* [Extracted data entries]:
----------

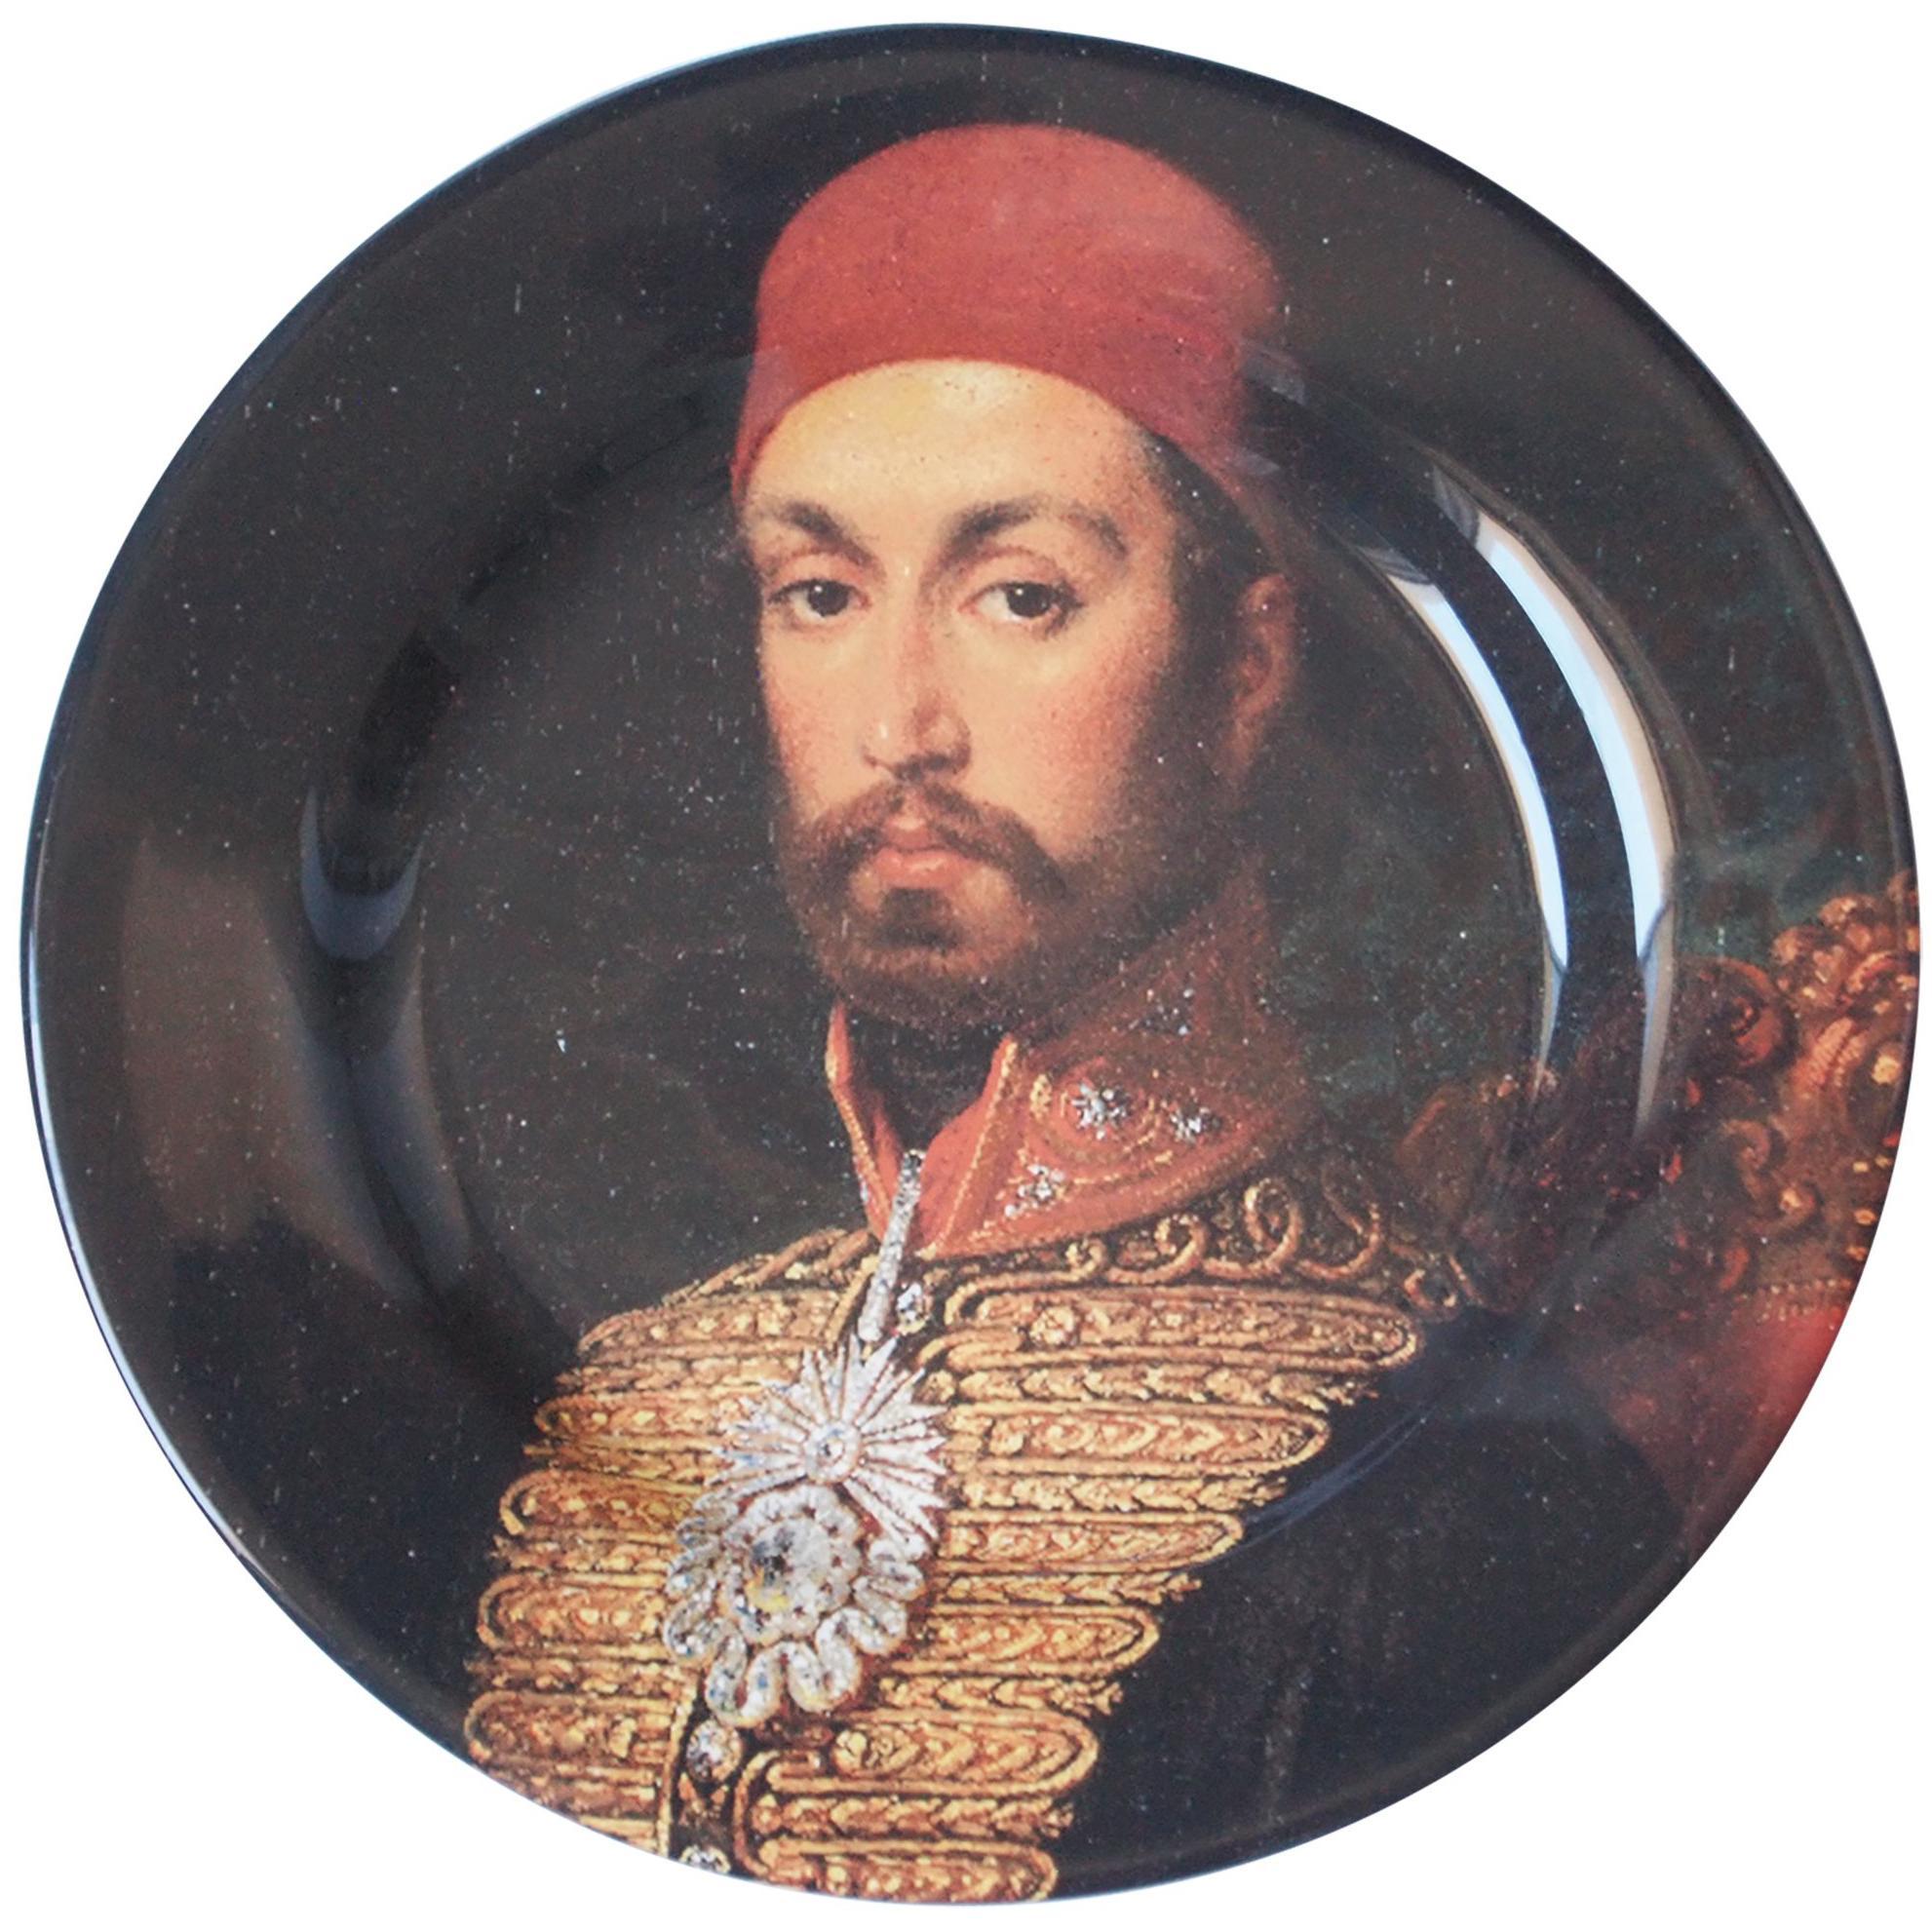 Handmade Sultan Abdulmecid Ceramic Plate
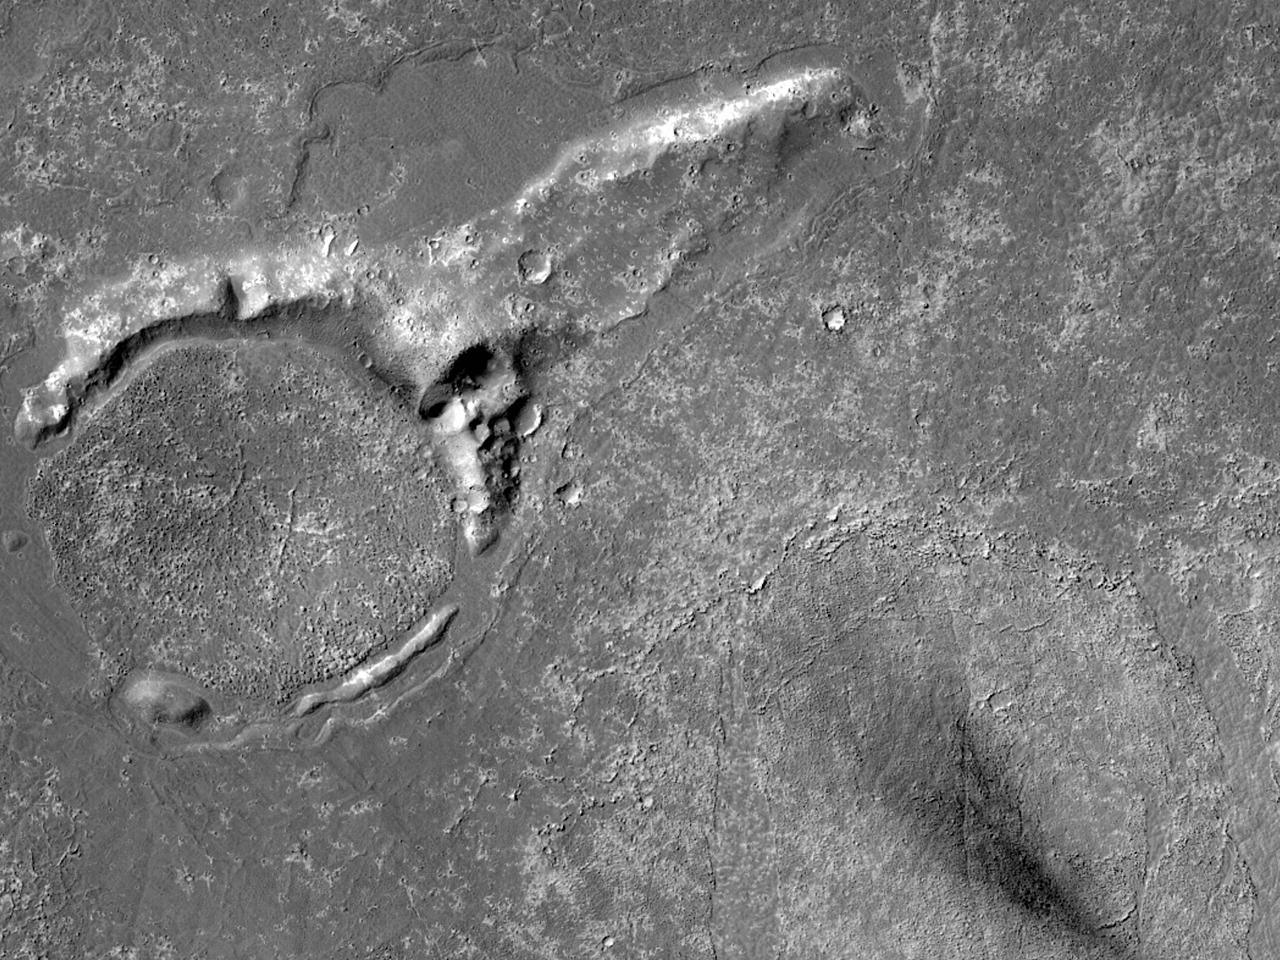 Лавовая корка на западе равнины Elysium Planitia
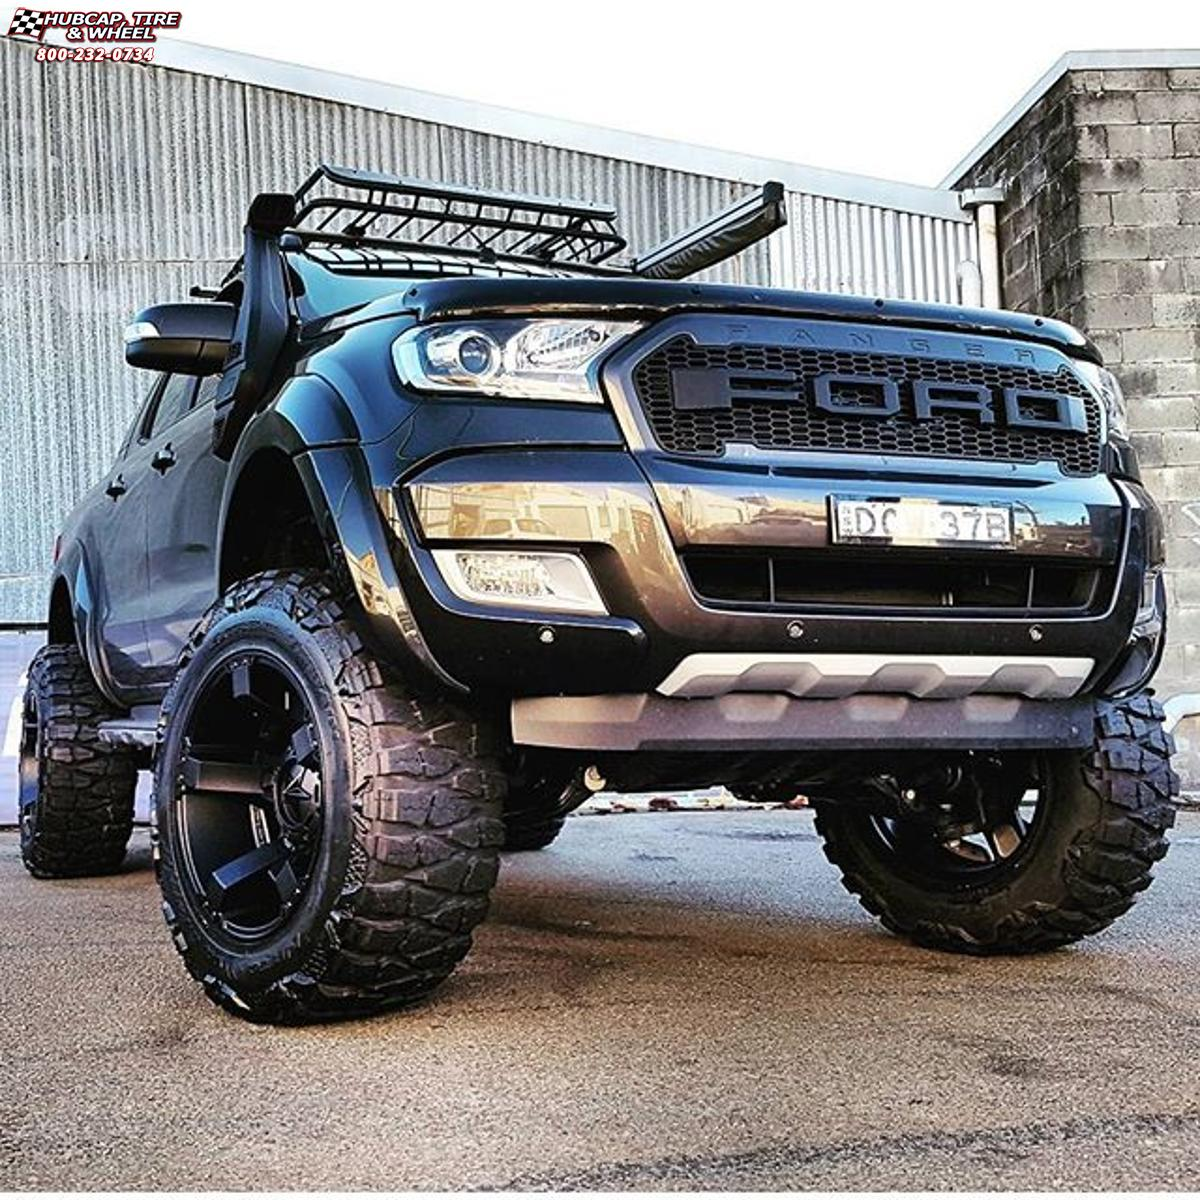 Ford Ranger 4x4 2000 >> Ford Ranger Wildtrak XD Series XD811 Rockstar 2 Wheels Satin Black and Black Inserts
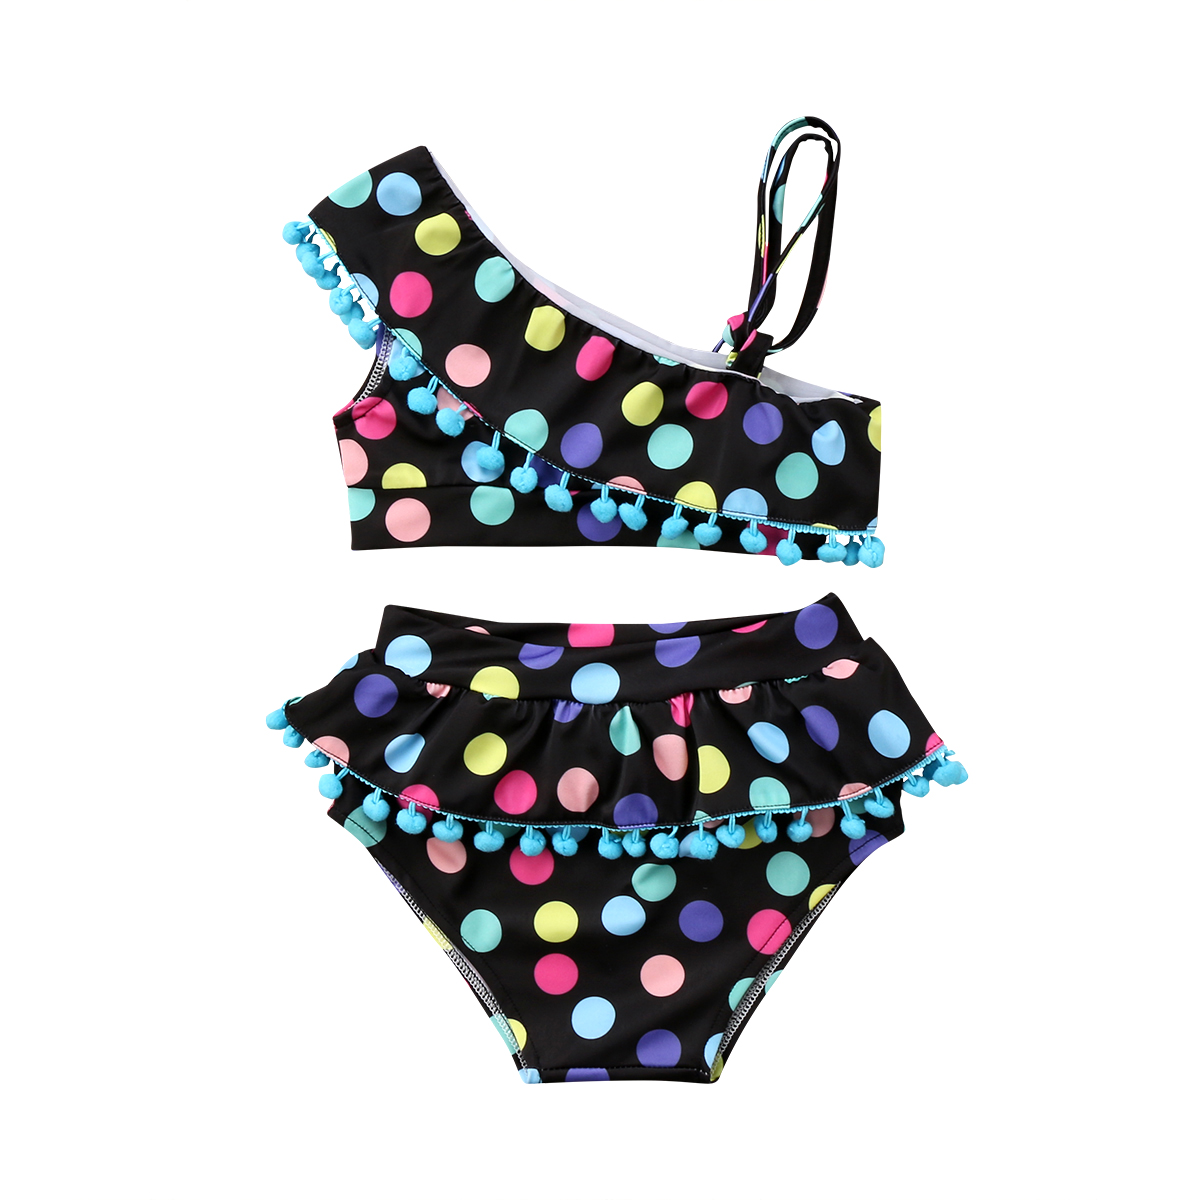 Toddler Baby Girls Kid Clothes Sets Tassel Tops Bodysuits Bottoms Swimsuit Tankini Bikini Swimwear Beachwear 2pcs Girl 2-7T
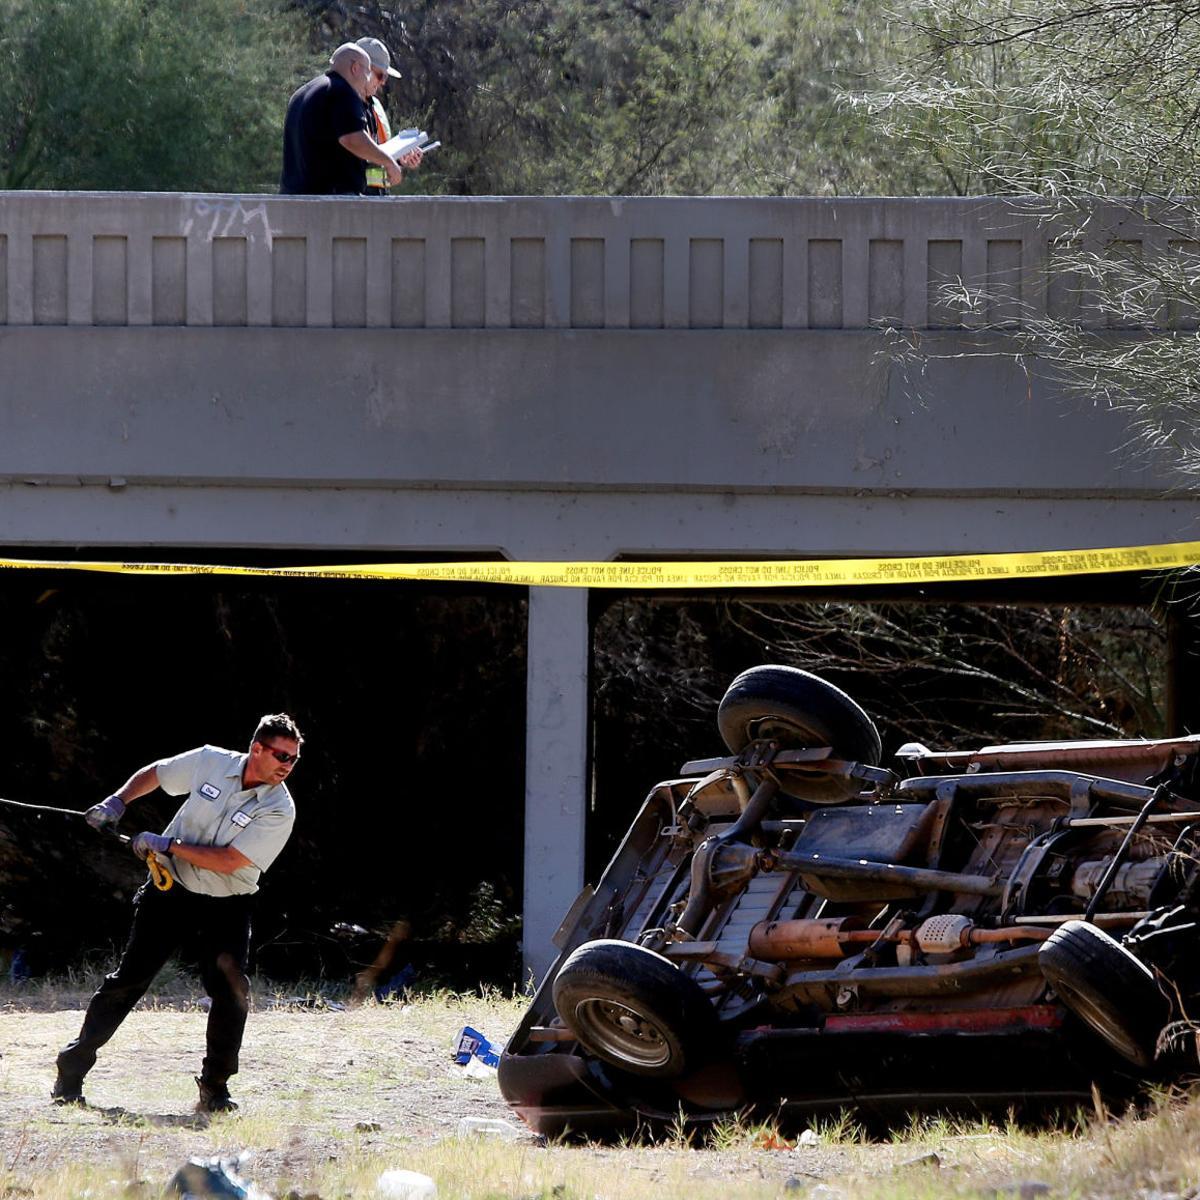 Police investigating fatal crash on Tucson's southwest side | Local

----------

* [BRIEF]: Set down word for word every line from the line containing "Toddler Baby Girls" through the last line of the entries, and nothing more; no pictures.

* [SOLUTION TO THIS TASK]:
 Toddler Baby Girls Kid Clothes Sets Tassel Tops Bodysuits Bottoms Swimsuit Tankini Bikini Swimwear Beachwear 2pcs Girl 2-7T
 Police investigating fatal crash on Tucson's southwest side | Local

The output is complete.